[REQUIREMENT]
The data must be reproduced verbatim; images are to be omitted.

[SUPPLIED MATERIAL]

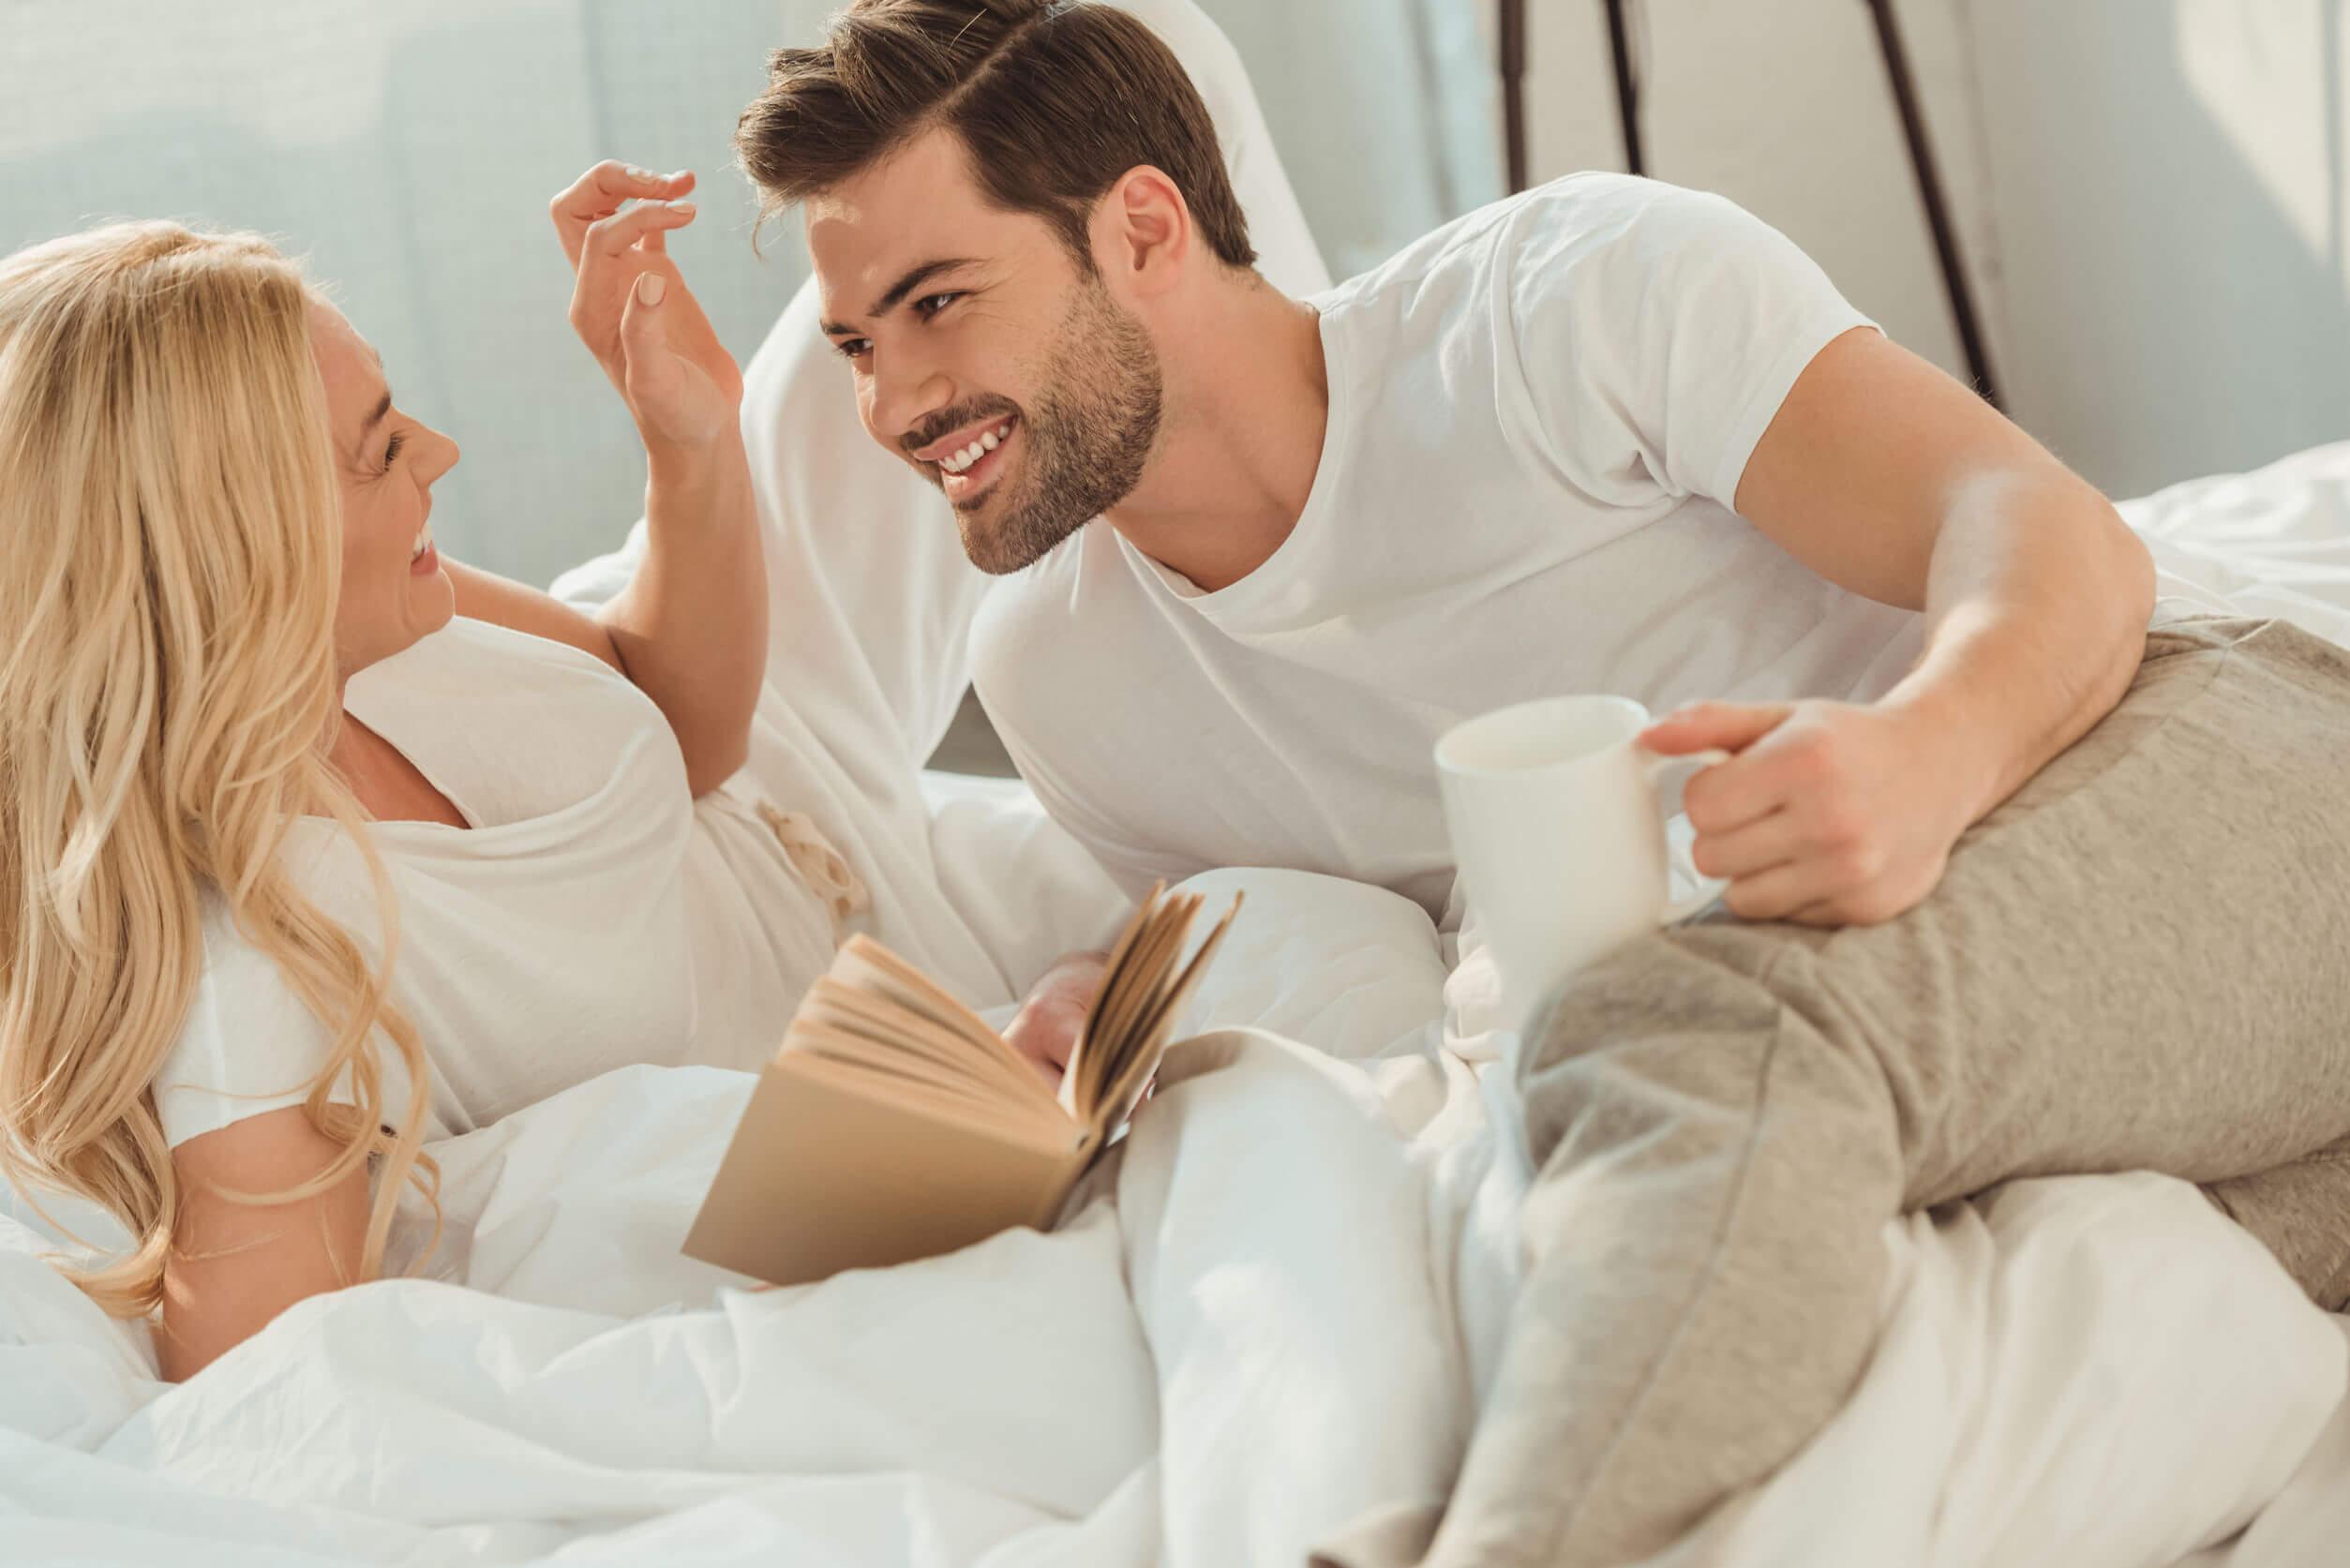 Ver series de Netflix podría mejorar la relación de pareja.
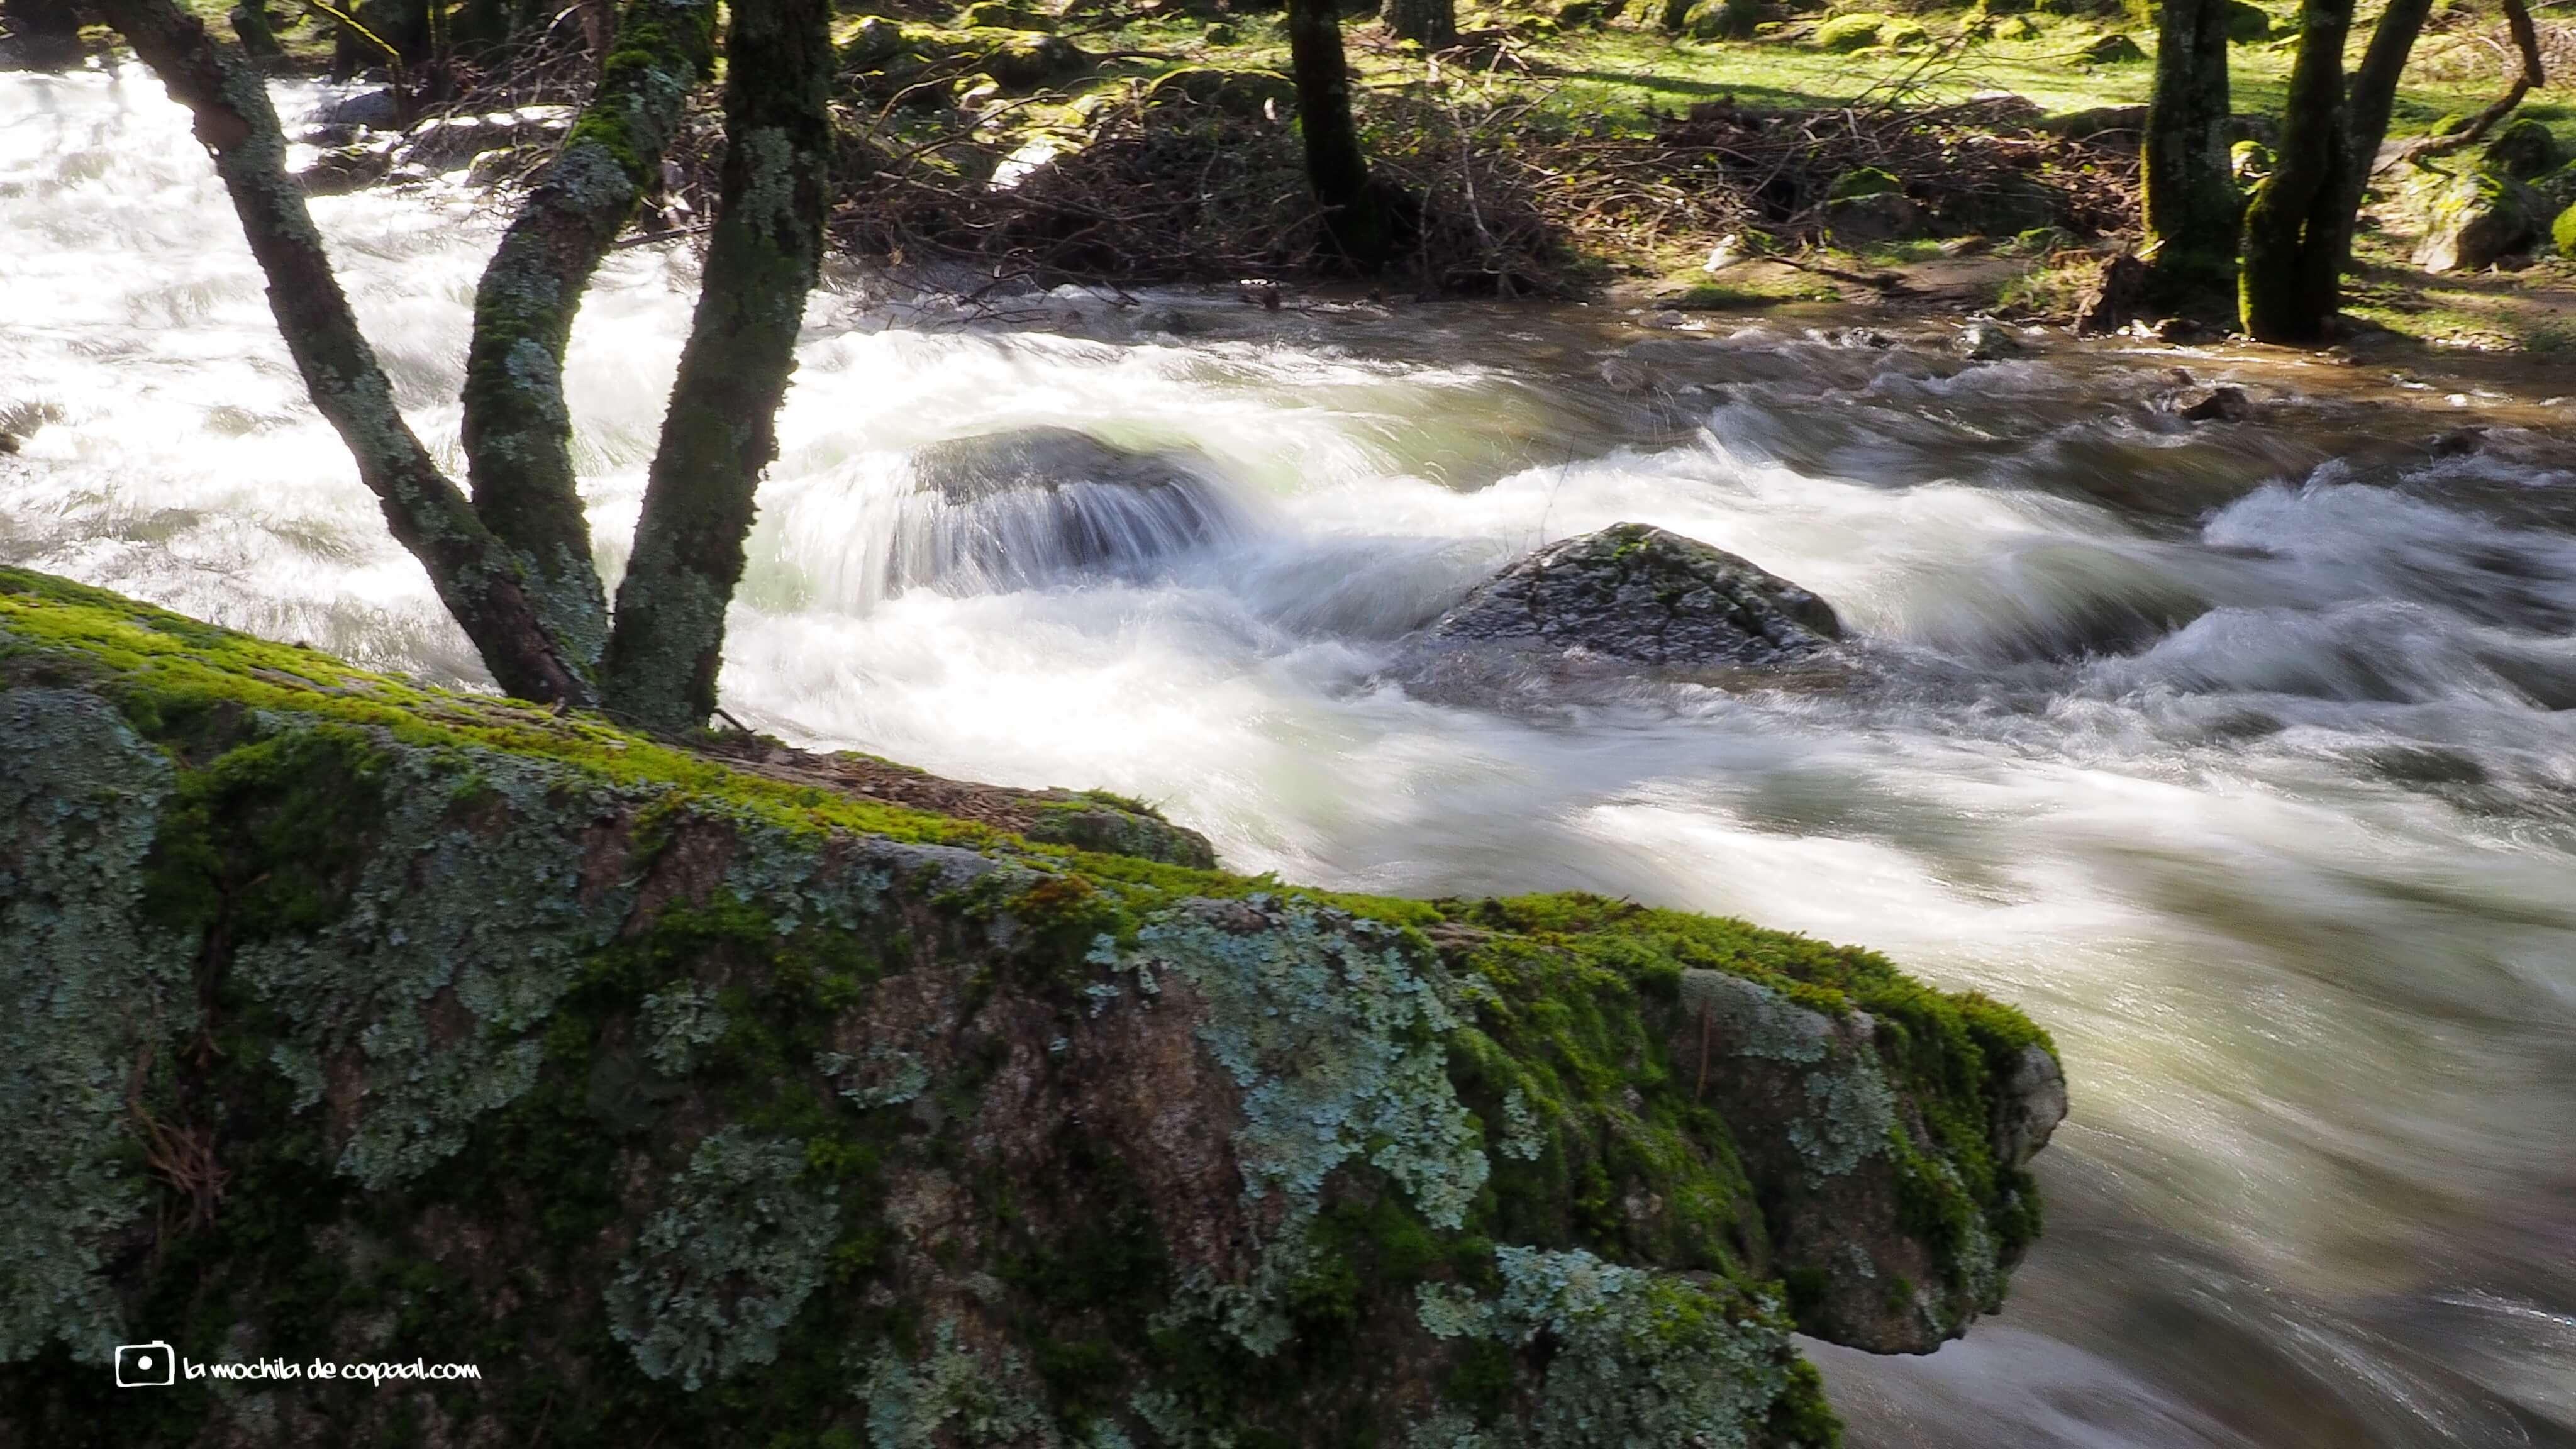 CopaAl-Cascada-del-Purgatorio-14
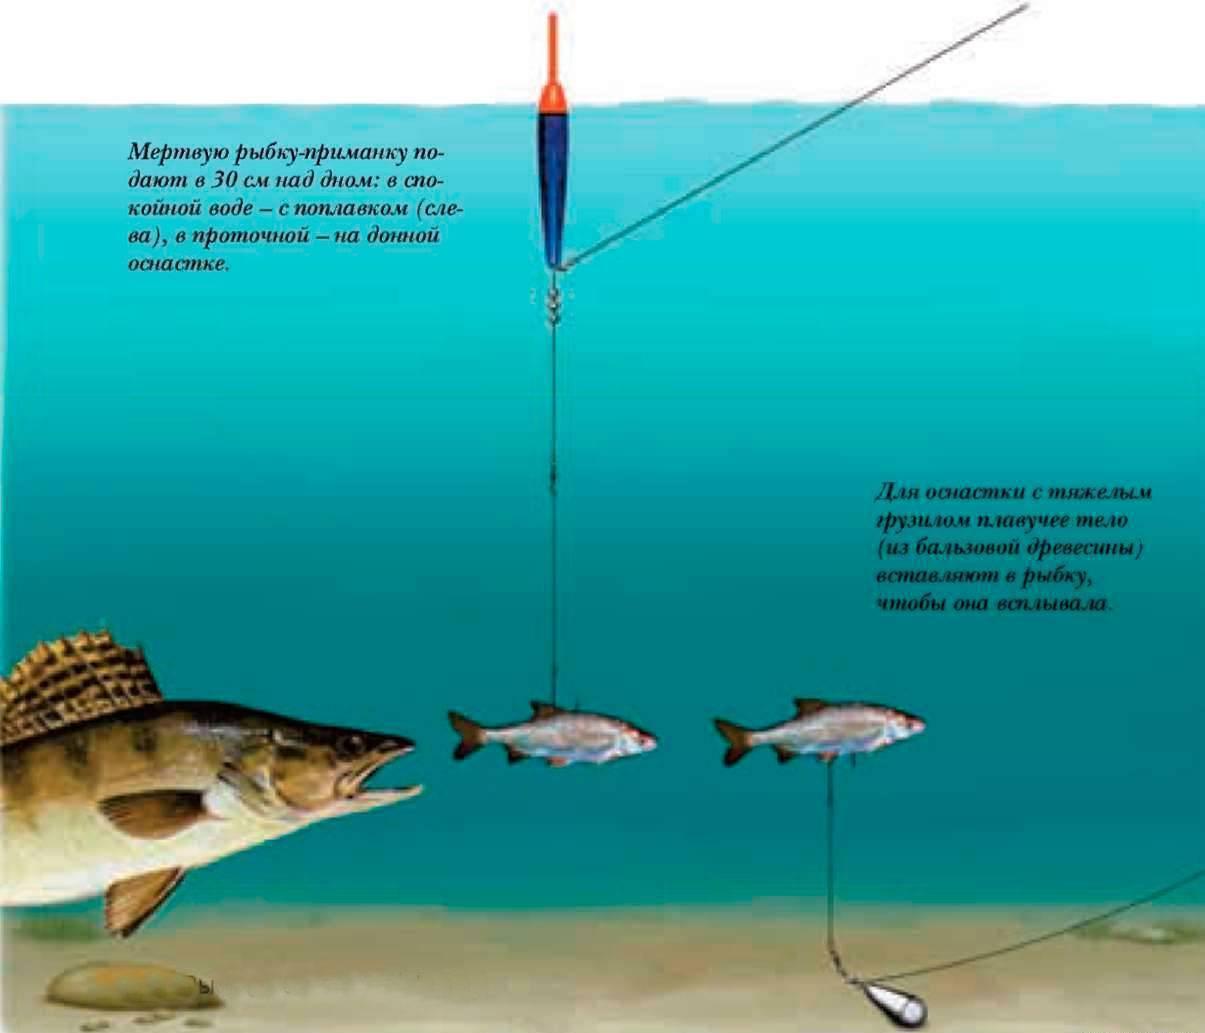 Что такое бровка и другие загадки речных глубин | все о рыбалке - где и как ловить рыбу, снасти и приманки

[ANSWER FOR THIS EXERCISE]
 Ver series de Netflix podría mejorar la relación de pareja.
 CopaAl-Cascada-del-Purgatorio-14
 Что такое бровка и другие загадки речных глубин | все о рыбалке - где и как ловить рыбу, снасти и приманки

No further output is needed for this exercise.